:: Problem to solve ::
Exactly the lines below, starting with the one containing "Öffentlichkeit daran bet" and going on through the one containing "Chaveiro Disney Tigrão", must be reproduced, both ends included, and no pictures with them.

:: Entries provided ::
========================================
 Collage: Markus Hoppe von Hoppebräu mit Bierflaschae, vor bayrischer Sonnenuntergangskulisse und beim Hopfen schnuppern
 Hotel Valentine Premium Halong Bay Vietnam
========================================
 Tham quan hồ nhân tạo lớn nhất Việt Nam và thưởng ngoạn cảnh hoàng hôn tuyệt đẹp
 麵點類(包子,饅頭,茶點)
========================================
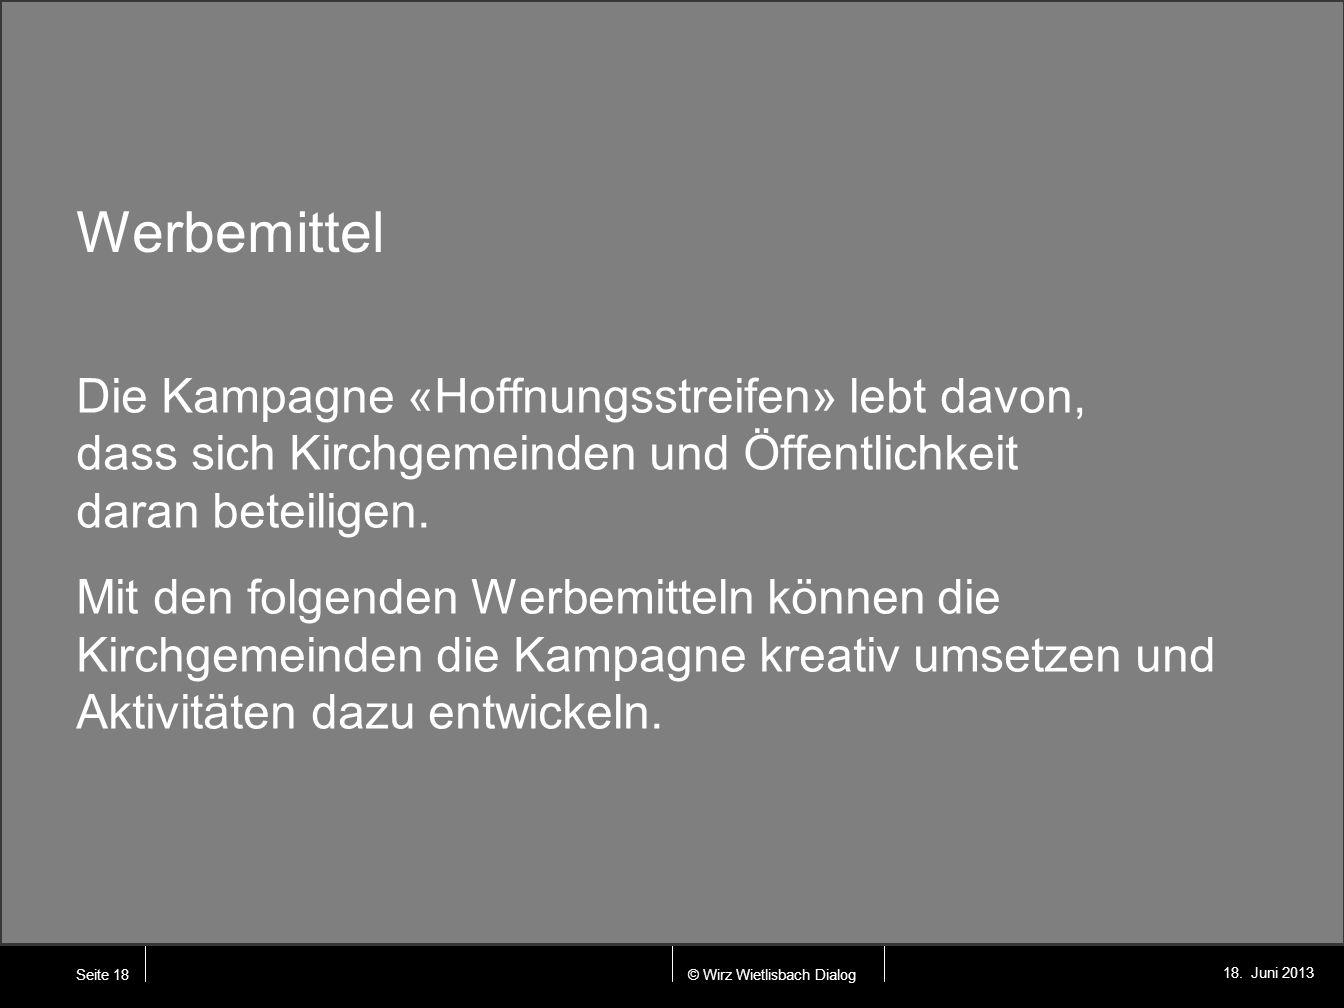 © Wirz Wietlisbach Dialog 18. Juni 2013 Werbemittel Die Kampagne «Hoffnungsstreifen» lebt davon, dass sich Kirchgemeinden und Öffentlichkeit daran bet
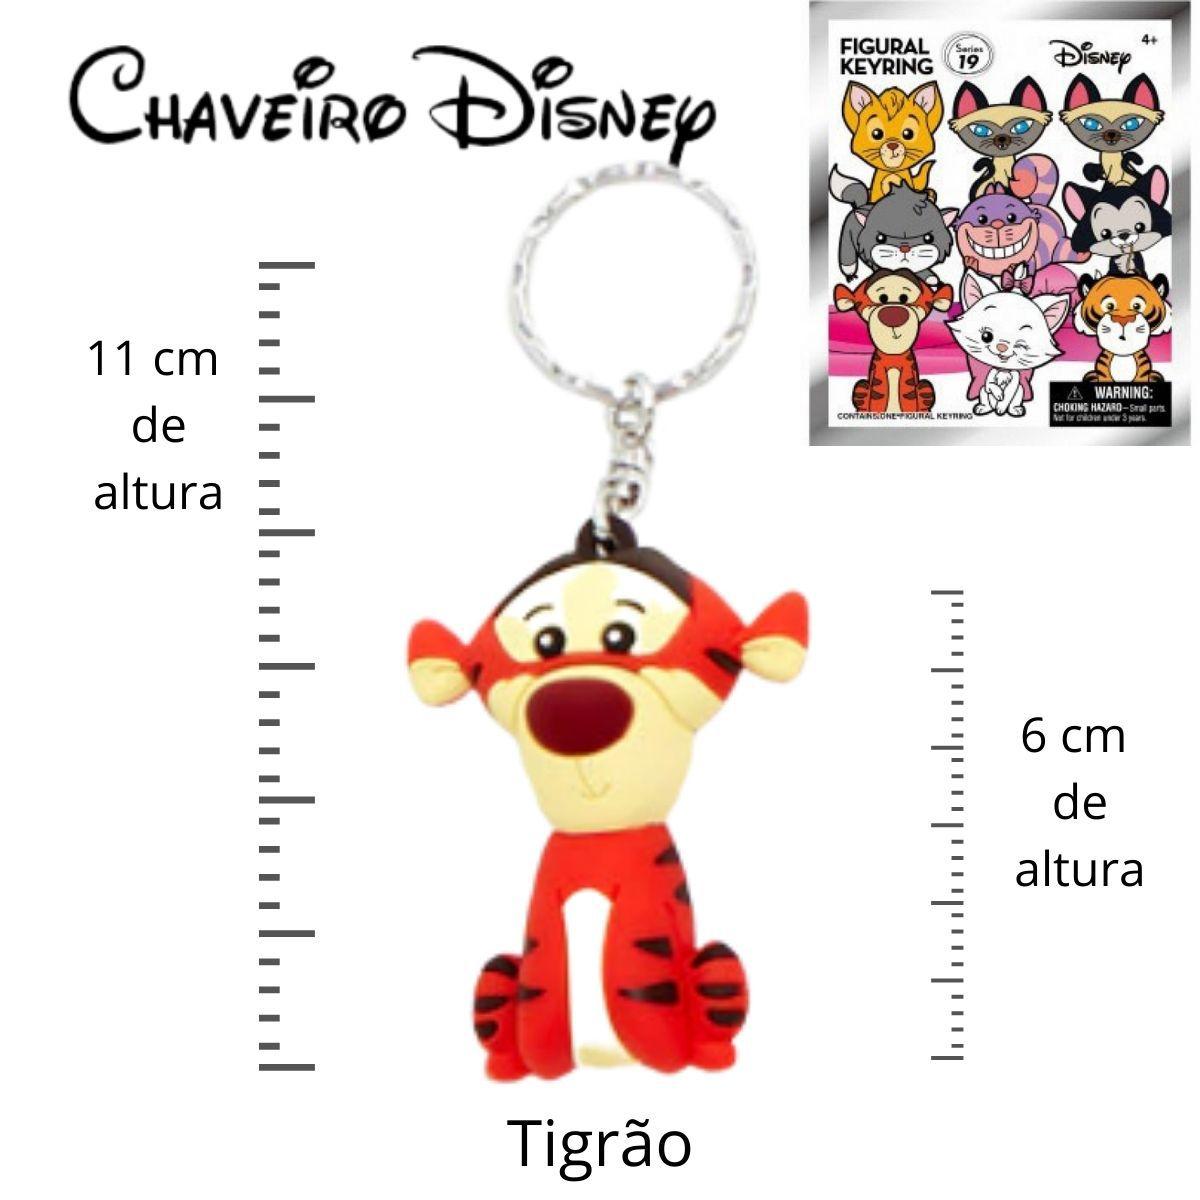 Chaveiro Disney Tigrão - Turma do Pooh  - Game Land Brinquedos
========================================
:: Solved exercise ::
 © Wirz Wietlisbach Dialog 18. Juni 2013 Werbemittel Die Kampagne «Hoffnungsstreifen» lebt davon, dass sich Kirchgemeinden und Öffentlichkeit daran bet
 Chaveiro Disney Tigrão - Turma do Pooh  - Game Land Brinquedos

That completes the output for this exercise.